- WORK REQUIRED: Every picture should be left out, but the lines below must be repeated exactly.

- GIVEN MATERIAL:
----
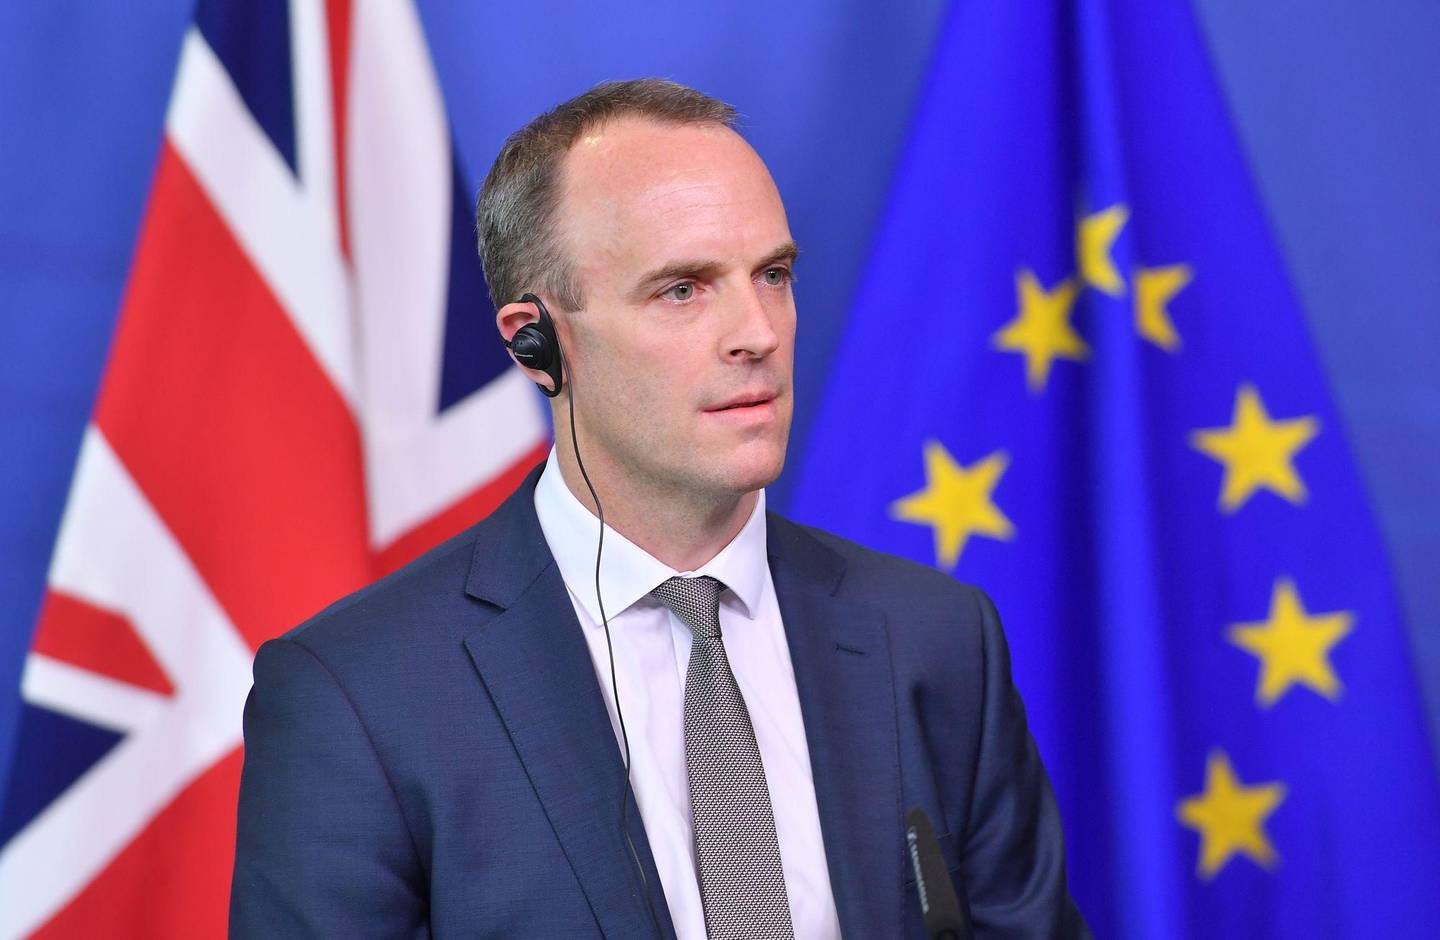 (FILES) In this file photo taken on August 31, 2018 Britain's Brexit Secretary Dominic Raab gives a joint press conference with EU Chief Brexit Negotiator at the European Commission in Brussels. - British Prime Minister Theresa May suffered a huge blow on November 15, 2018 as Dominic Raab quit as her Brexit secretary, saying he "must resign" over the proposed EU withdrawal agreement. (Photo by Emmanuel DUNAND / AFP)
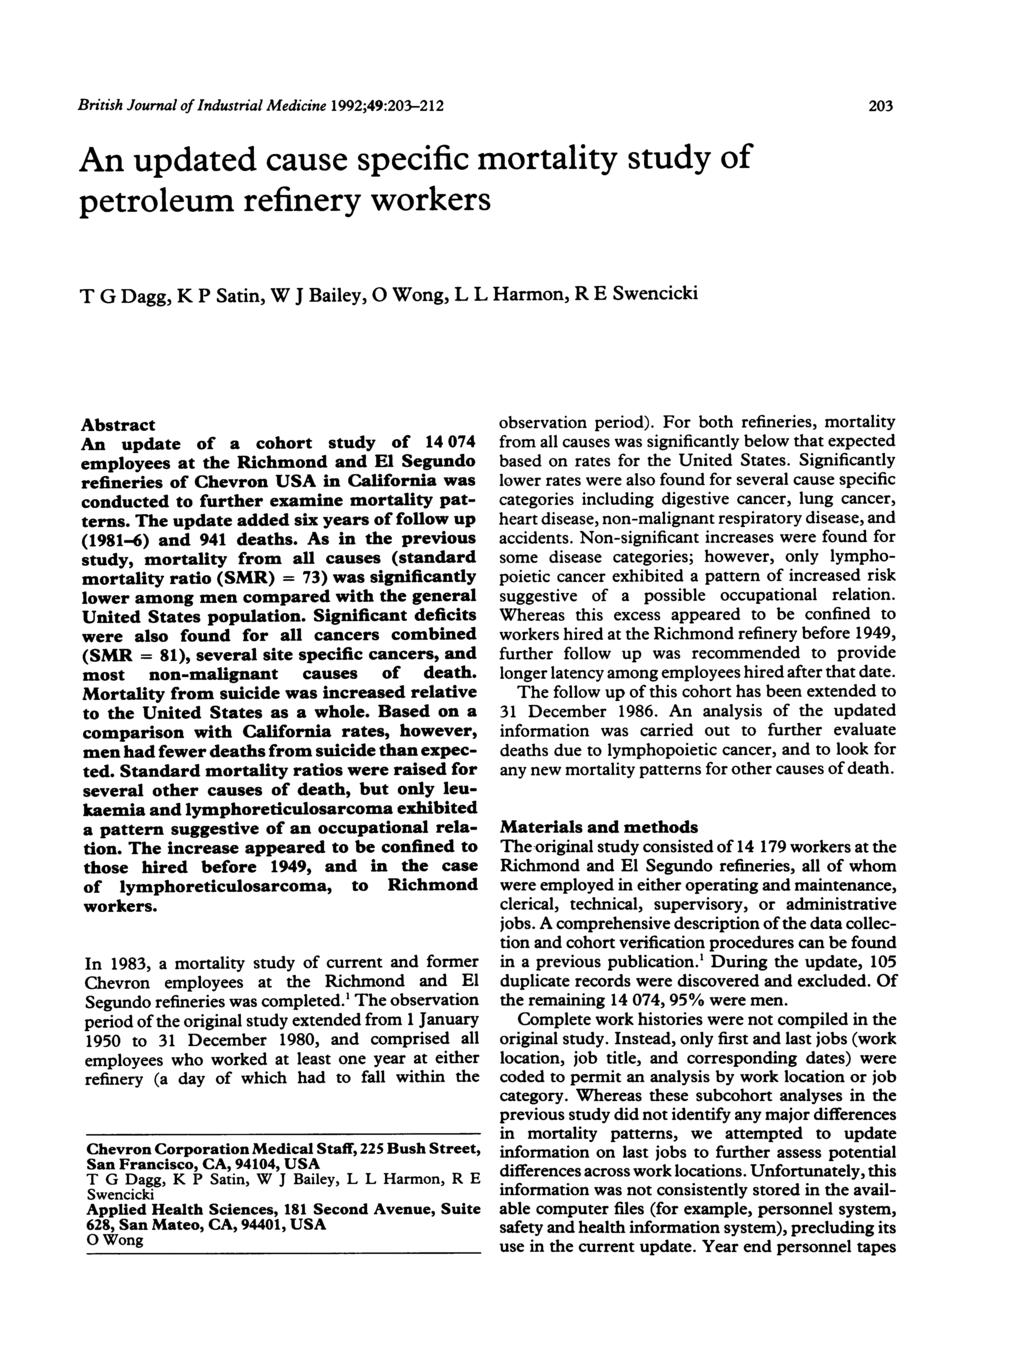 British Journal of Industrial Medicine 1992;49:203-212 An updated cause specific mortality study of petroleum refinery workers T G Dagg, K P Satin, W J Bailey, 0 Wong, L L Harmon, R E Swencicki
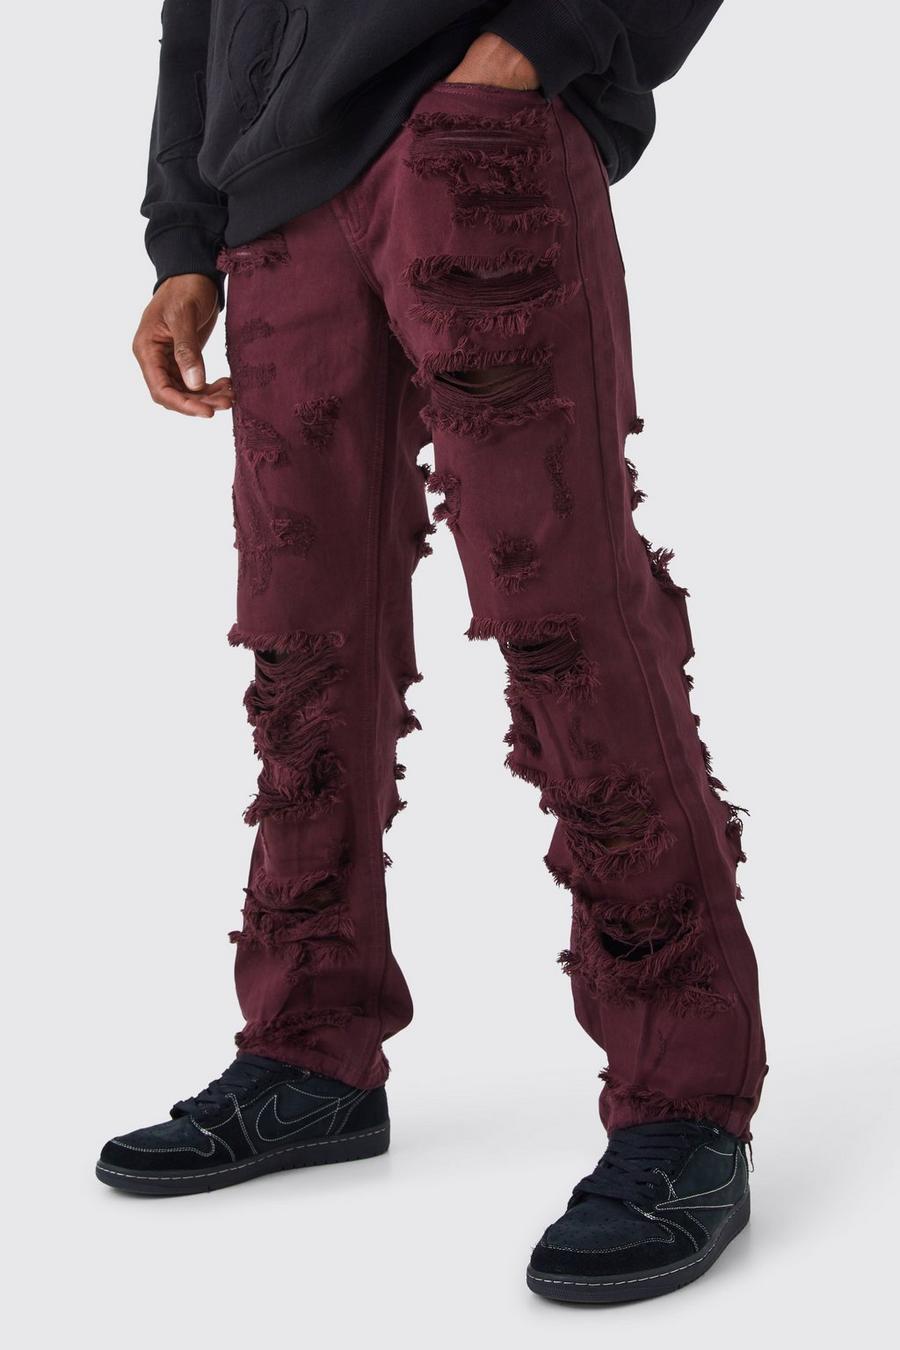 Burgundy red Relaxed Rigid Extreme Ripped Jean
----
- SOLUTION:
 (FILES) In this file photo taken on August 31, 2018 Britain's Brexit Secretary Dominic Raab gives a joint press conference with EU Chief Brexit Negotiator at the European Commission in Brussels. - British Prime Minister Theresa May suffered a huge blow on November 15, 2018 as Dominic Raab quit as her Brexit secretary, saying he "must resign" over the proposed EU withdrawal agreement. (Photo by Emmanuel DUNAND / AFP)
 British Journal of Industrial Medicine 1992;49:203-212 An updated cause specific mortality study of petroleum refinery workers T G Dagg, K P Satin, W J Bailey, 0 Wong, L L Harmon, R E Swencicki
 Burgundy red Relaxed Rigid Extreme Ripped Jean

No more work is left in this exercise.